One can’t help but imagine what residents of the upper east side of Manhattan think every year in May when the massive white tent assembles on Randall’s Island. Surely thousands can see it from their apartments. And a veritable circus takes place under its temporary roof. This week’s fair (the third in New York) saw top galleries from around the world show off their finest artists and artworks.
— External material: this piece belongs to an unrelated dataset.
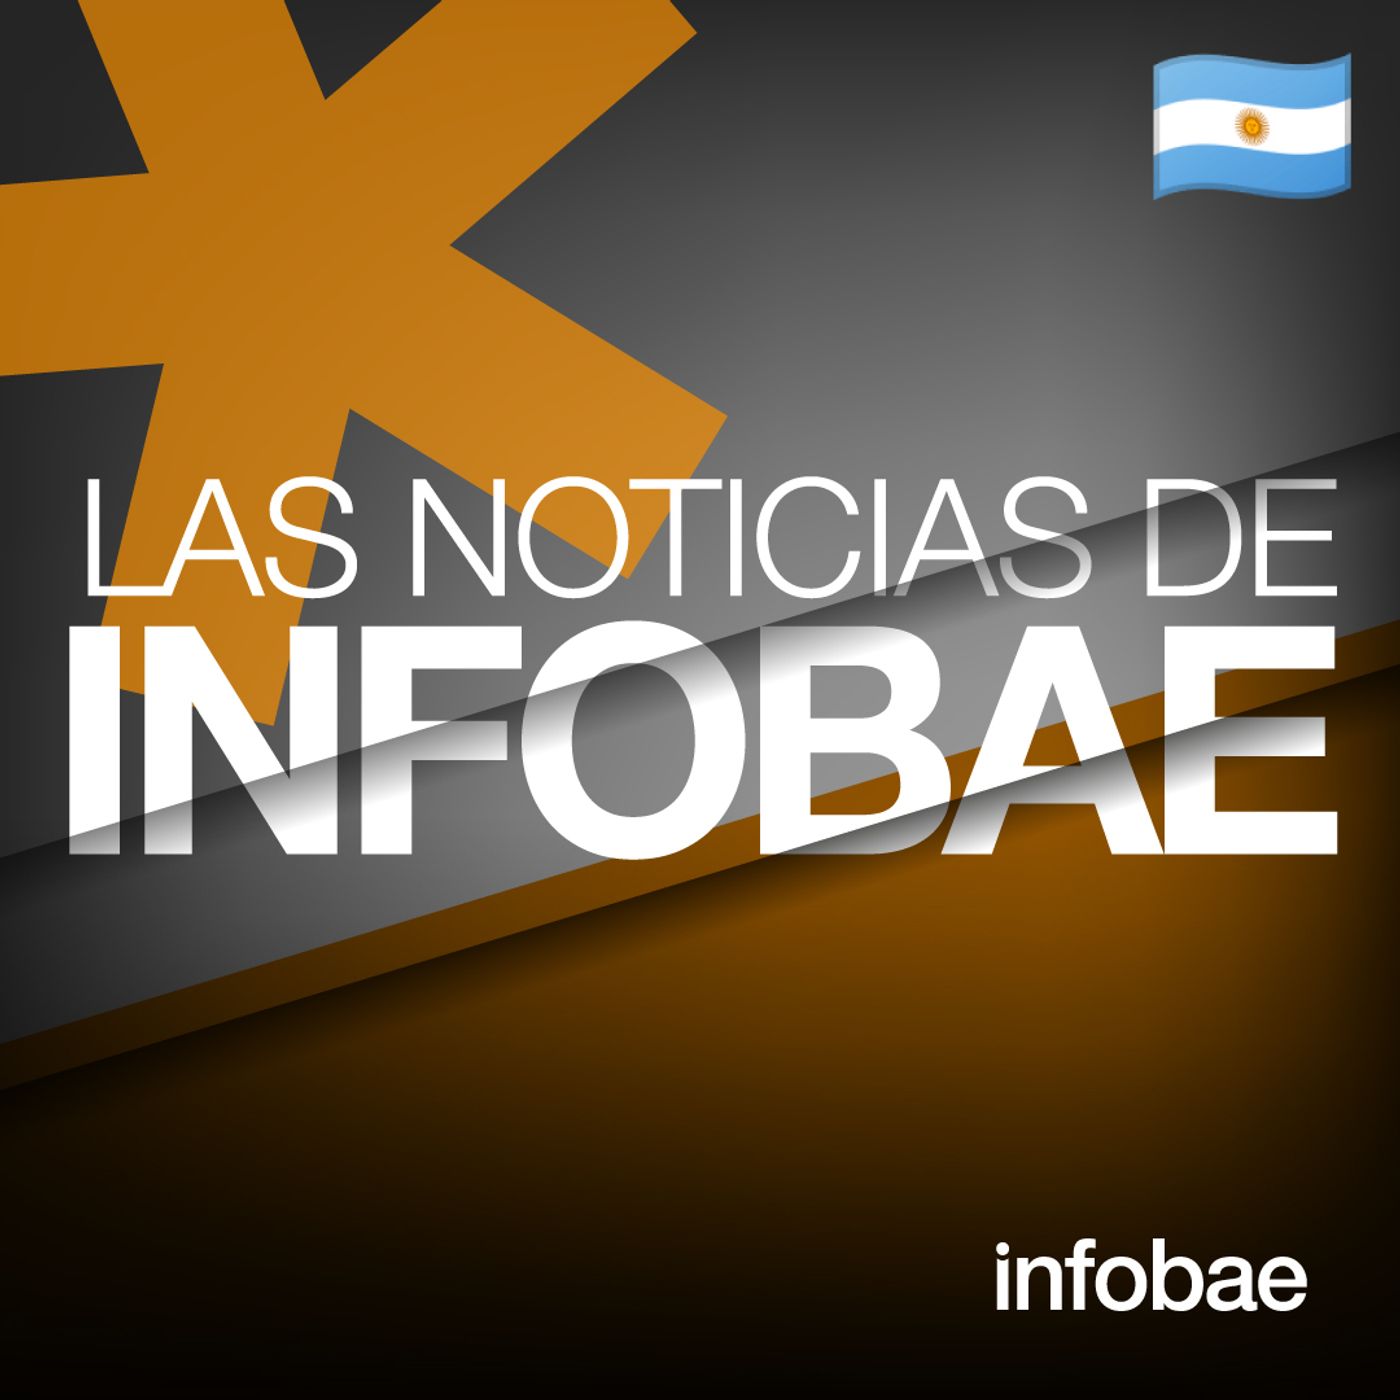 856: Las Noticias de Infobae (AR)
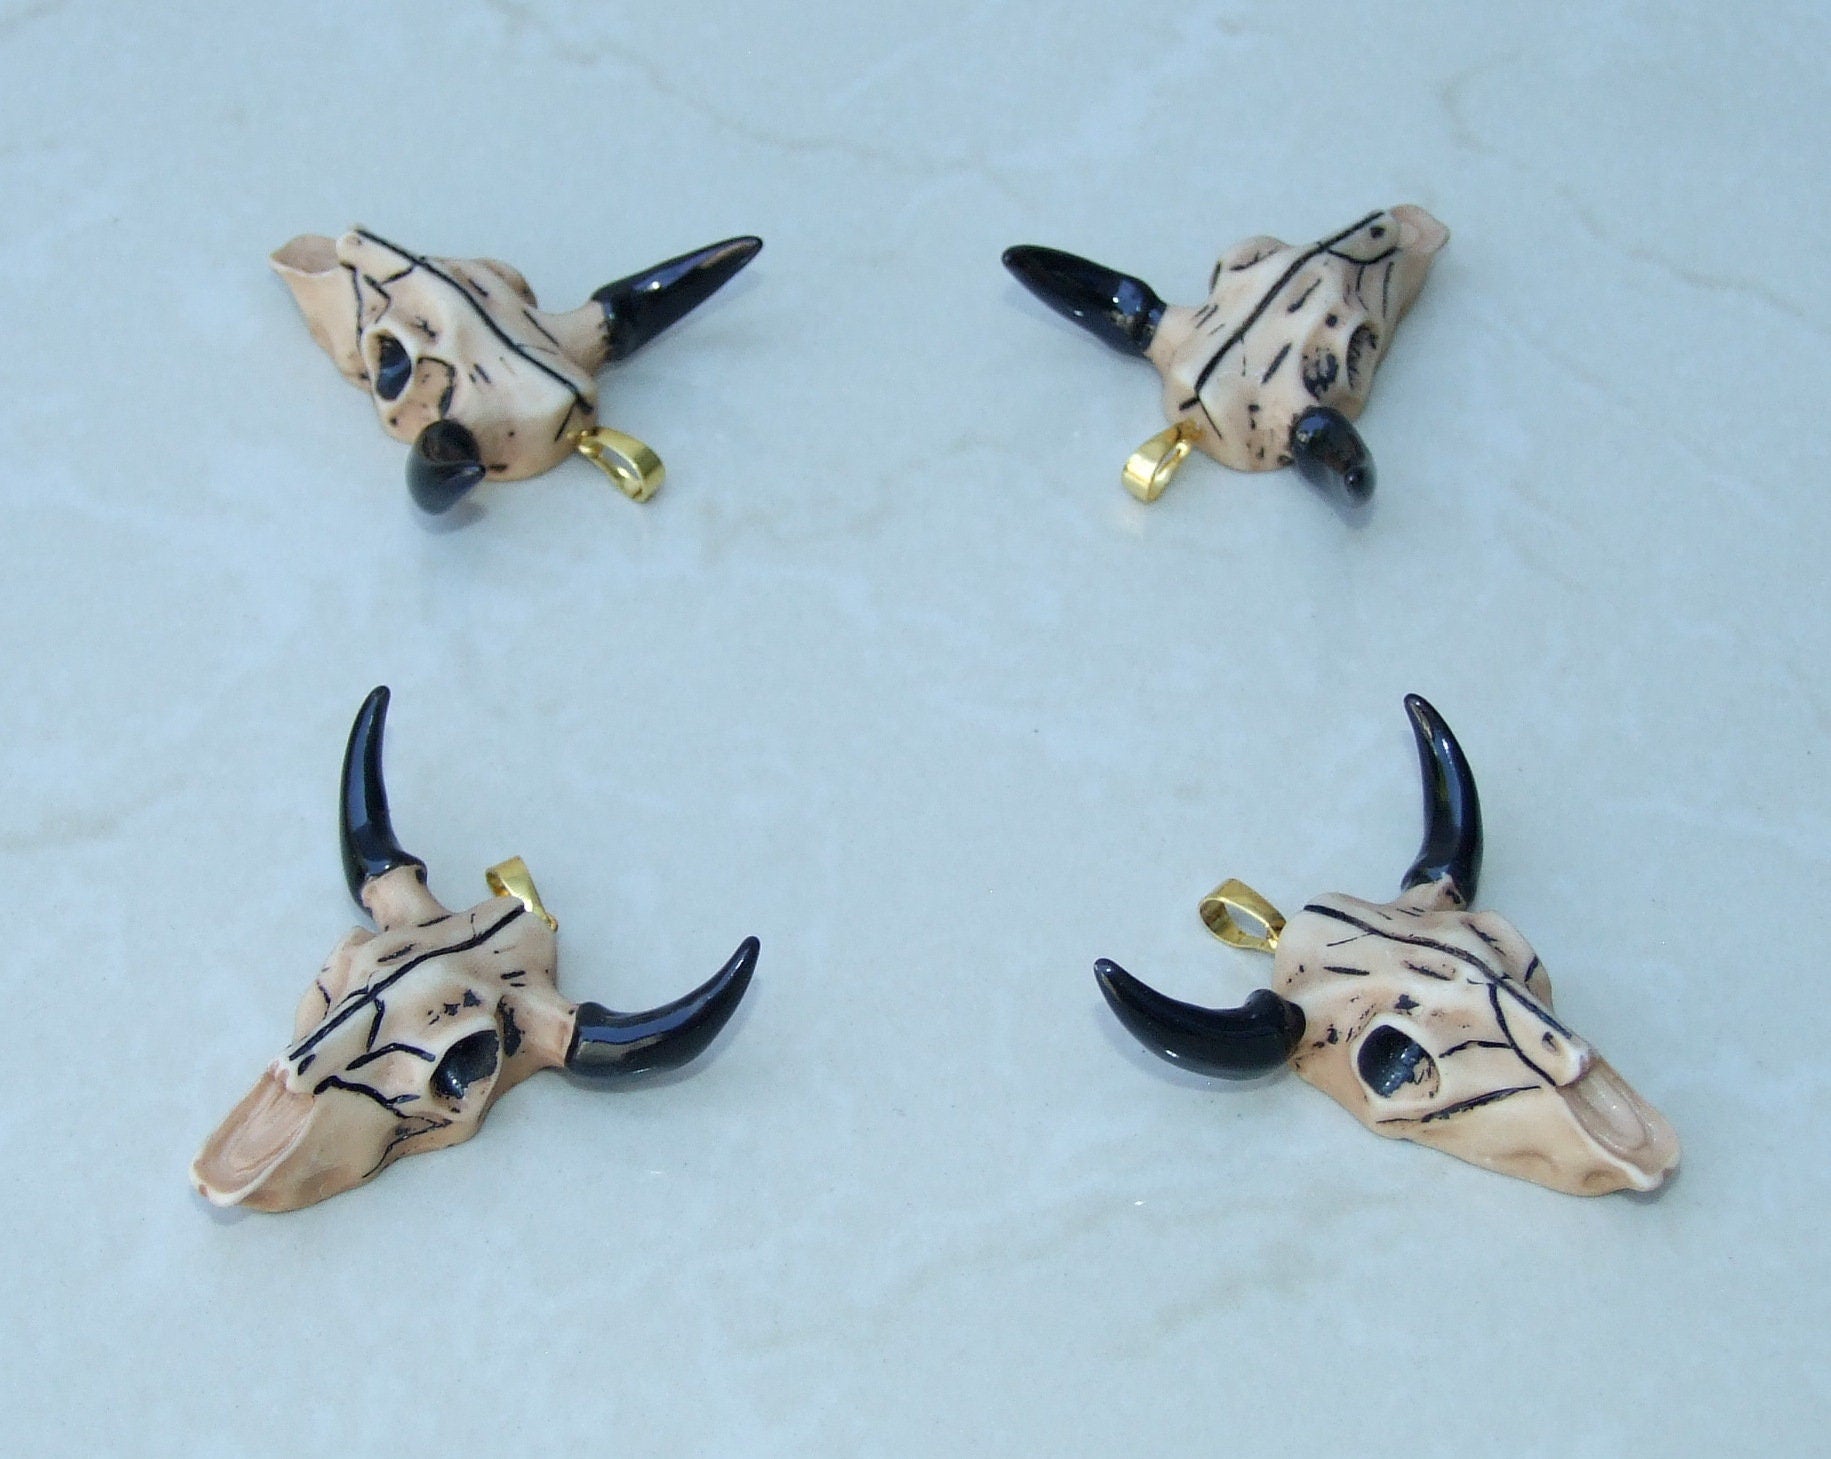 Longhorn Cattle Skull Pendant, Skull Pendant, Buffalo Skull Pendant, Cow Horn, Charm, Football, Sports, Gold Plated - 45mm x 45mm

Here are a few notable selections from the event that flew under the radar, beneath the bling:
Bortolami brought several still lifes by Jutta Koether that used bright pink, purple, and orange tones.
It may not be ‘under the radar’ but Hauser & Wirth’s booth deserved credit nonetheless for its thoughtfully curated mini-exhibition ‘On The Fabric of The Human Body’ featuring work by Rita Ackermann, Louise Bourgeois, Isa Genzken, and Paul McCarthy. All works dealt with the artist as an explorer of human anatomy. The works alternated between red and blue – signifiers of oxygenated and venous blood, respectively. Isa Genzken’s Untitled (2012) hides the non-flesh of a mannequin, provocatively draped in a blue cape.
Sculpture highlights included Gaston Lachaise’s Torso with Arms Raised (1935) at Cheim & Read, adding a bit of pre-war talent to the contemporary bling.
Luhring Augustine occupied one of the large, eye-catching corner booths at the tent’s busy junctures, but one of their stronger works was tucked out of sight: Albert Oehlen’s Untitled (1996) is a mixed media printout created with computer graphics tools in a purposely untutored, glitch aesthetic.
Casa Triângulo installed Yuri Firmeza’s Ruin Project, a series of photographs of ruins in his native Brazil. They depict Alcântara, which in the 19th century experienced a building boom in anticipation of a visit from Emperor Dom Pedro II, who never arrived. Firmeza aligns these ruin images with three-dimensional models of contemporary Brazilian structures and renderings of imagined ruins, helping us think through questions of urban progress.
Galerie Rodolphe Janssen presented a solo project by Davide Balula consisting of functioning Wi-Fi sculptures – the round antennae are hooked up to routers emitting signal. These works stood in front of a wall of the artist’s burnt wood panels and their paler, printed mirror images. The works function together: if the god Prometheus gave us fire, today we worship the provider of Wi-Fi.
Frieze New York was at Randall’s Island Park, Manhattan, from 9–12 May.